* Task description
Your copy should hold only the lines from the one with "Gæstebud - Thomas" to the one with "Small Grain Collection", both included, each exactly as it stands below, with no pictures.

* Extracted material
————————

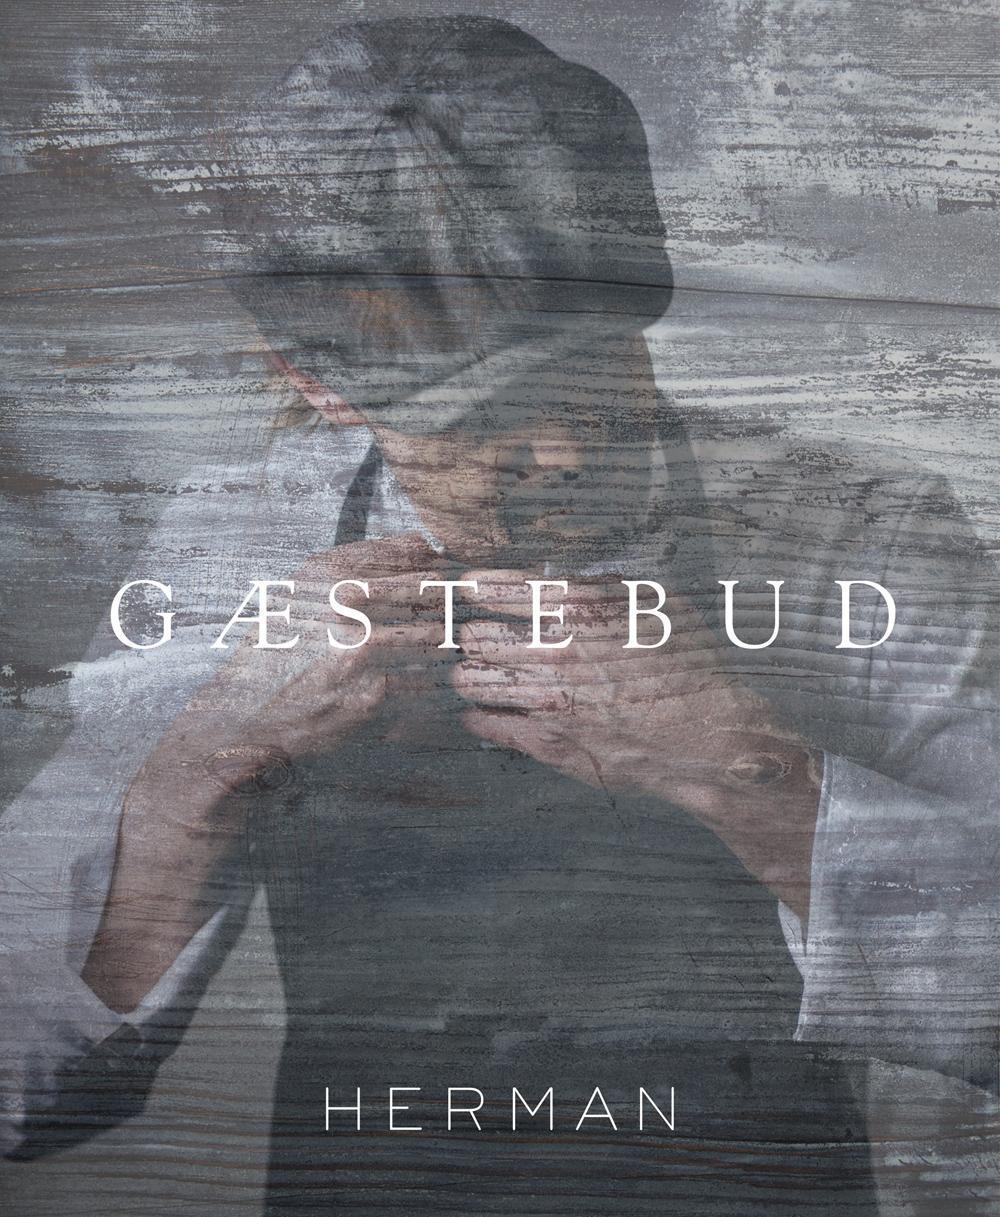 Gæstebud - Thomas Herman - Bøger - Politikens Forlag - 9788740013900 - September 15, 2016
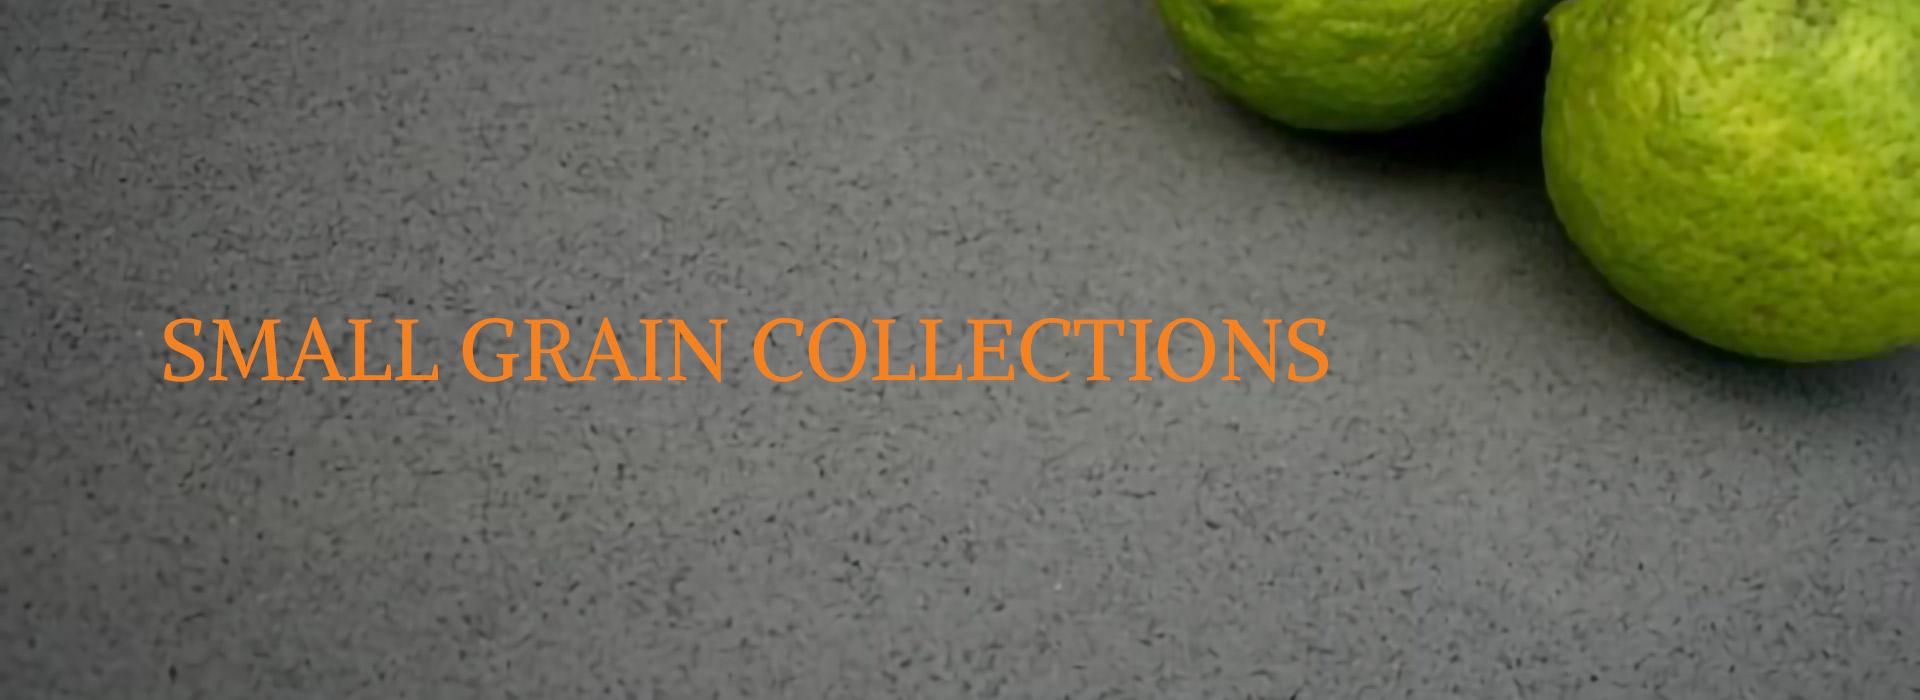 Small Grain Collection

————————

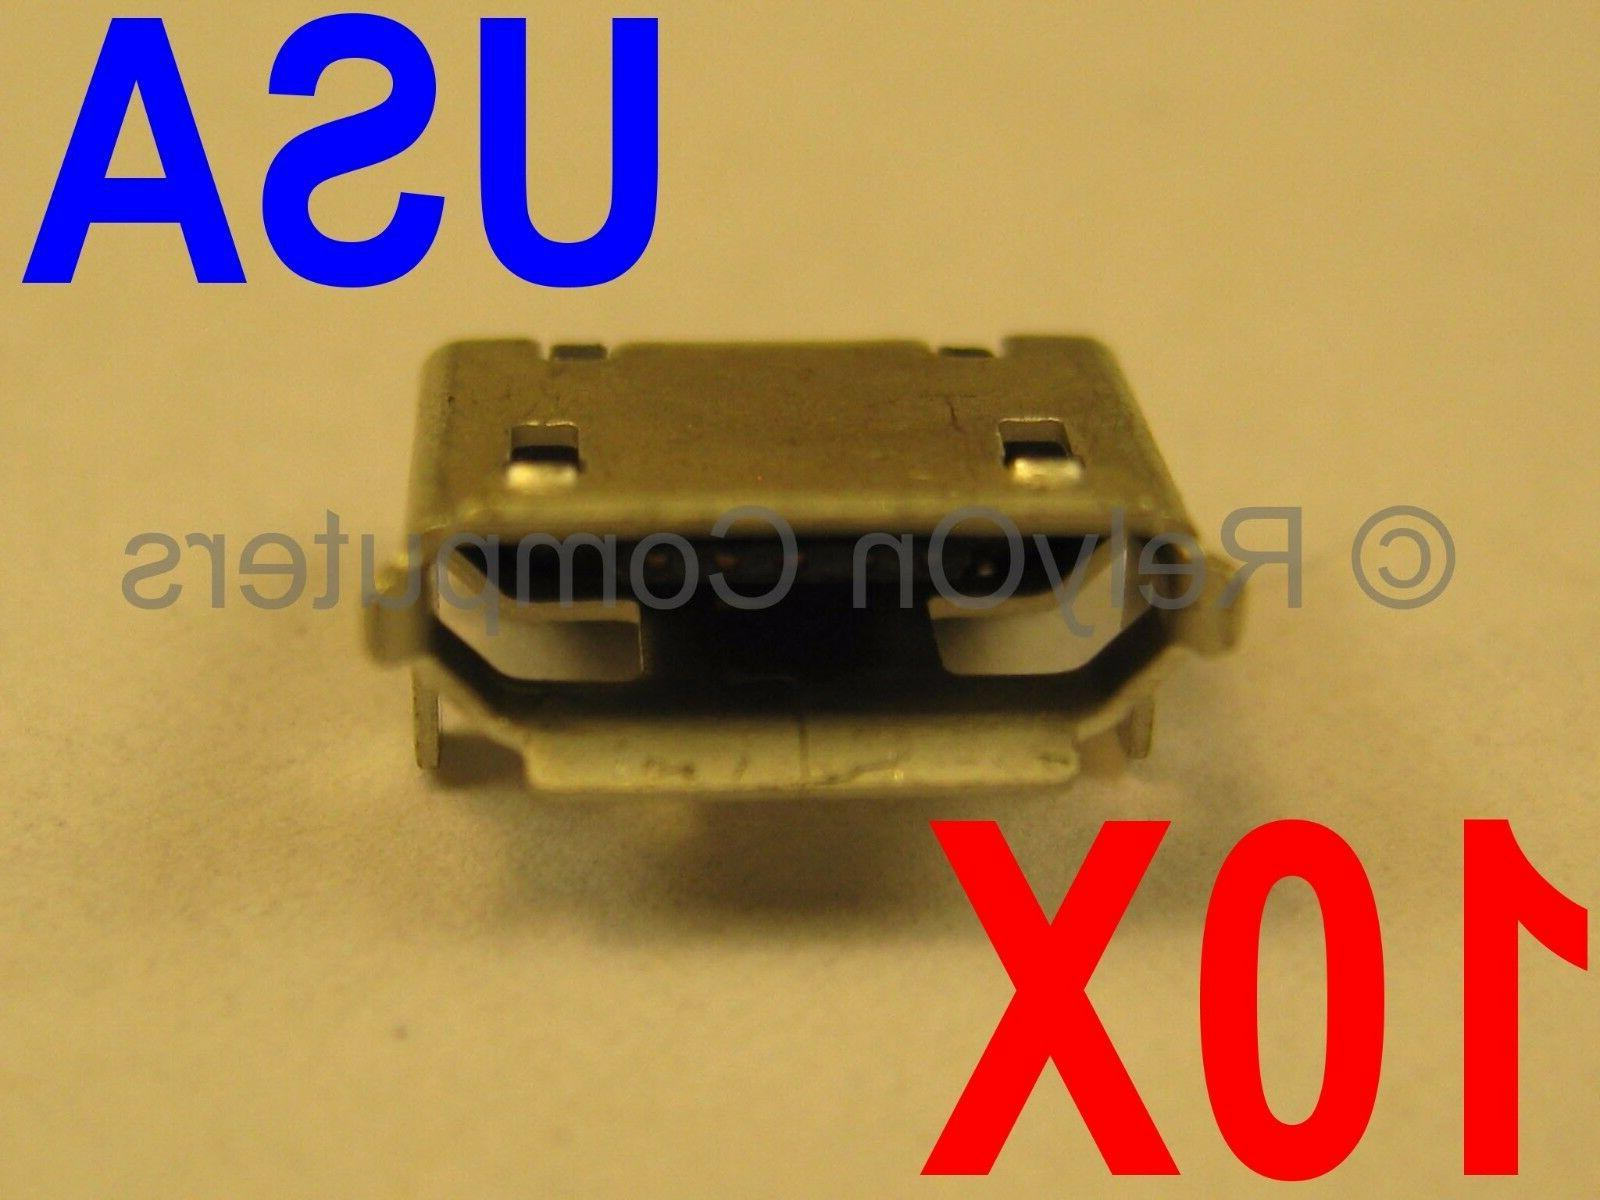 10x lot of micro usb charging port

————————

* Exercise output
 Gæstebud - Thomas Herman - Bøger - Politikens Forlag - 9788740013900 - September 15, 2016
 Small Grain Collection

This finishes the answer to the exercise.